In that era, he wrote on how to make cost-benefit analysis and cost-effectiveness analysis more ethical,  on egalitarianism and prioritarianism in health resource allocation, on dilemmas of population ethics, and on other questions at the level of populations and its relation to the obligations of individual clinicians. 

During this later period Dan continued to publish on normative clinical questions, but his first love was now macro-level. This work allowed Dan to combine his understanding of economics (in which he held a degree, and years of Wall Street experience— last month he told me he never looked back to those years); his early appreciation of the genius of Derek Parfit (which nearly made him abandon philosophy when they met in Dan’s first graduate school seminar); and interest in normative work beyond bioethics. 

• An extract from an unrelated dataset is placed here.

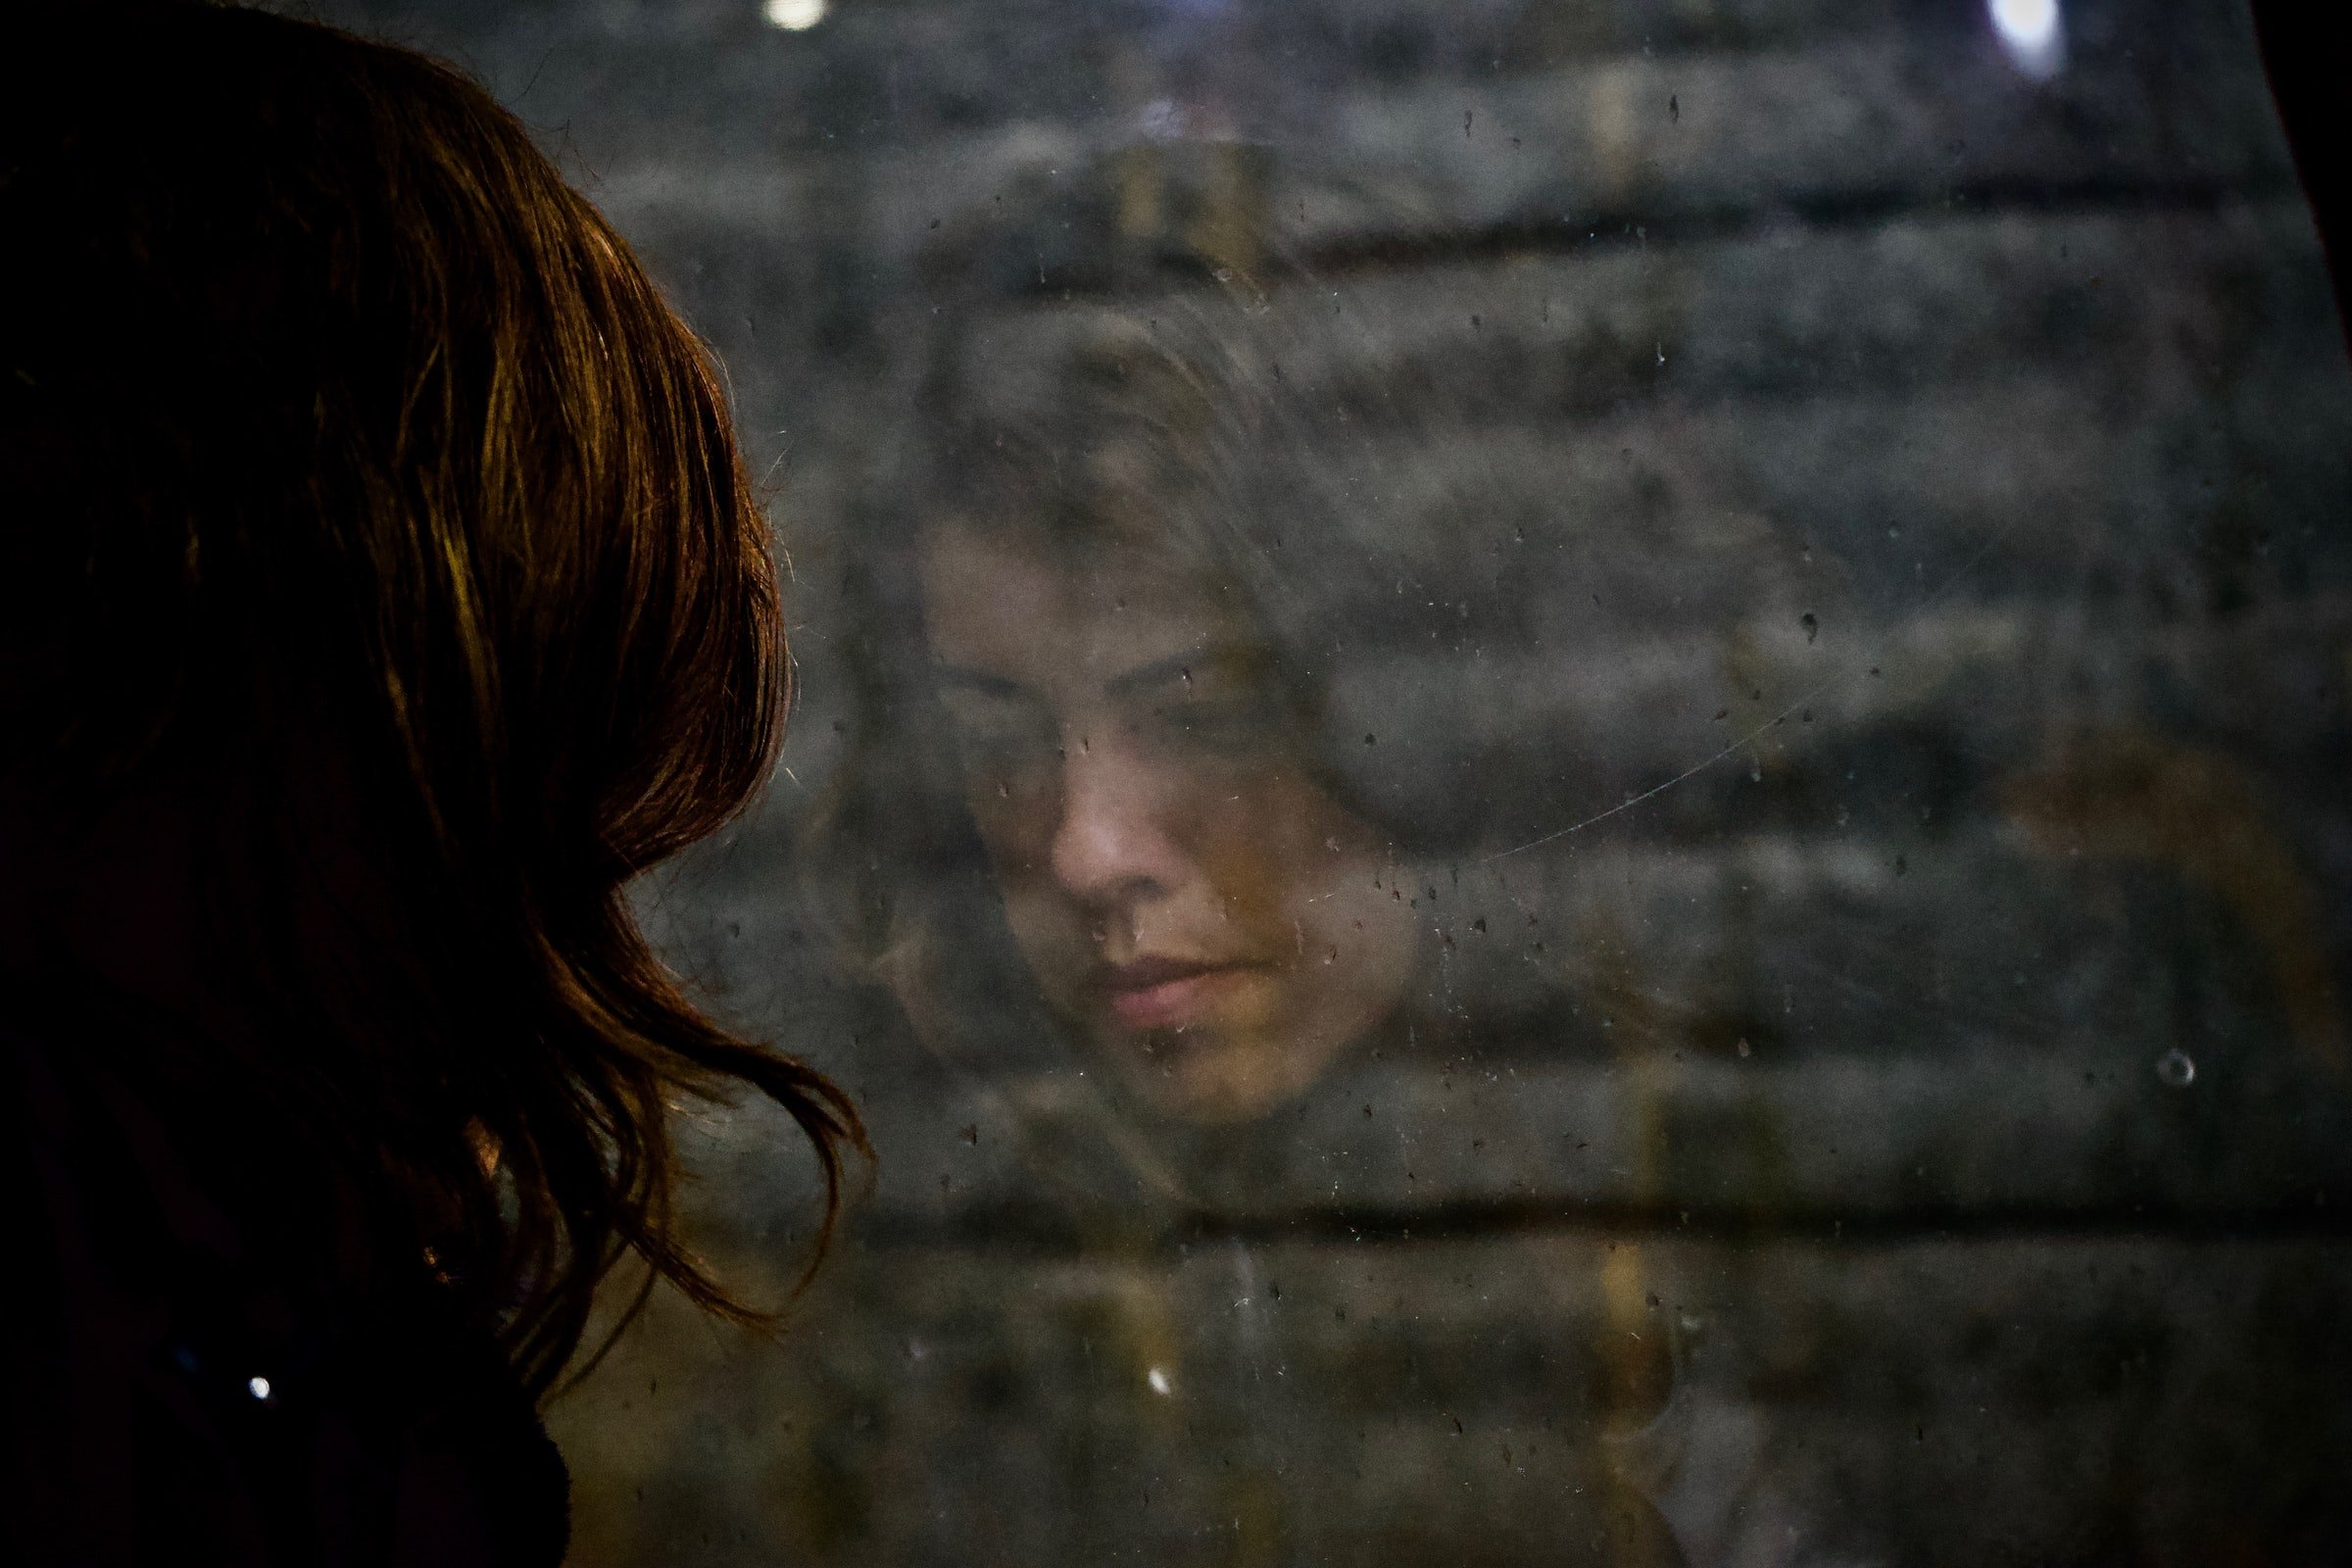 A woman standing near a window. | Source: Unsplash

Dan was also an institutional leader. After having moved from Brown to NIH, where he was planning to spend the rest of his professional life, under the GW Bush administration Dan encountered political pressures and lack of institutional backup. When he sensed that he might self-censor, he left for Harvard (a reflection of his intellectual integrity and how seriously Dan took his liberal philosophy). There, he started the pioneering Program in Ethics and Health. That interfaculty program, dedicated to bioethics at the level of populations, allowed him to work with other leading lights in that new subfield, and to train students, postdocs, and visitors who now comprise some of the foremost global contributors to it. My job interview for the Program looked like full disclosure of the risks and burdens of working at Harvard, toward ensuring autonomous choice, more than like the typical sales pitch. Dan did take his philosophy seriously. He was the nicest boss one could wish for. We were never a “lab” servicing his projects, always a group of respected individual researchers encouraged to disagree. 

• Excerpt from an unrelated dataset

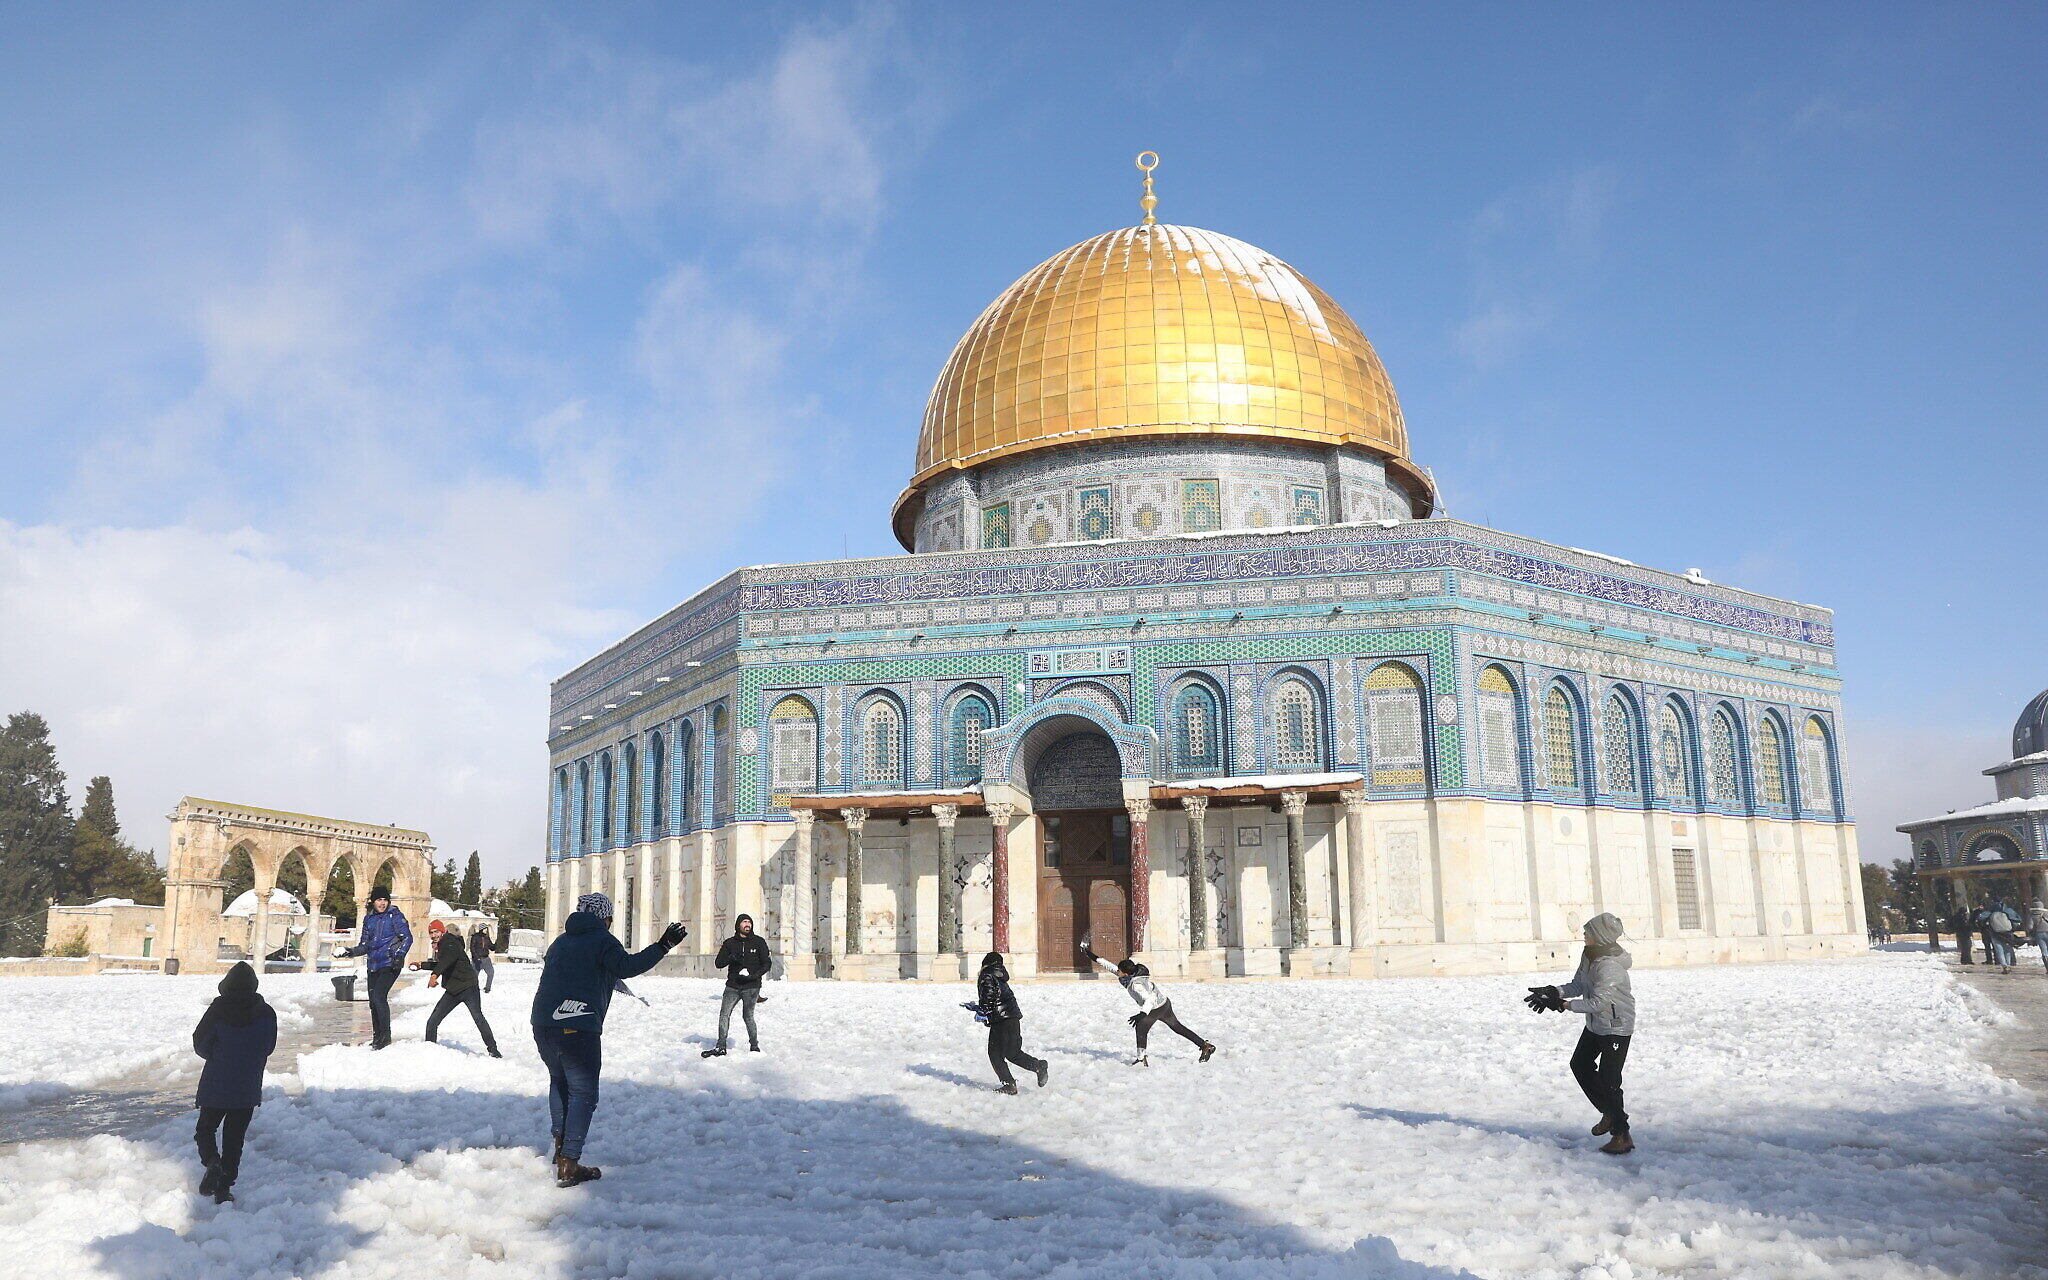 Snow blankets Jerusalem, transforming city into winter wonderland The

But Harvard’s endowment shrunk during the 2008 economic recession, and the University rushed to defund that Program. Dan remained Director of Medical Ethics at Harvard Medical School but at that point his heart was with population-level bioethics. The progression of his Multiple Sclerosis expedited his 2014 retirement. For years he continued to give talks and contribute to an important expert panel on cost-effectiveness analysis. In 2018 he won The Hastings Center’s Beecher lifetime achievement award. He also remained an avid book reader and a frequent visitor of New York City’s museums. Notwithstanding the occasional glass of wine in breach of doctor’s orders, Dan held up better than his original prognosis had portended. He died last month, still faithful to the values of his own philosophical writing. He will be sorely missed by his wife Chon, daughter Kate, and sons David and Darrell, and many loving friends, colleagues, and mentees permanently marked by his high intellectual standards, personal integrity, and amicable and even-keeled nature.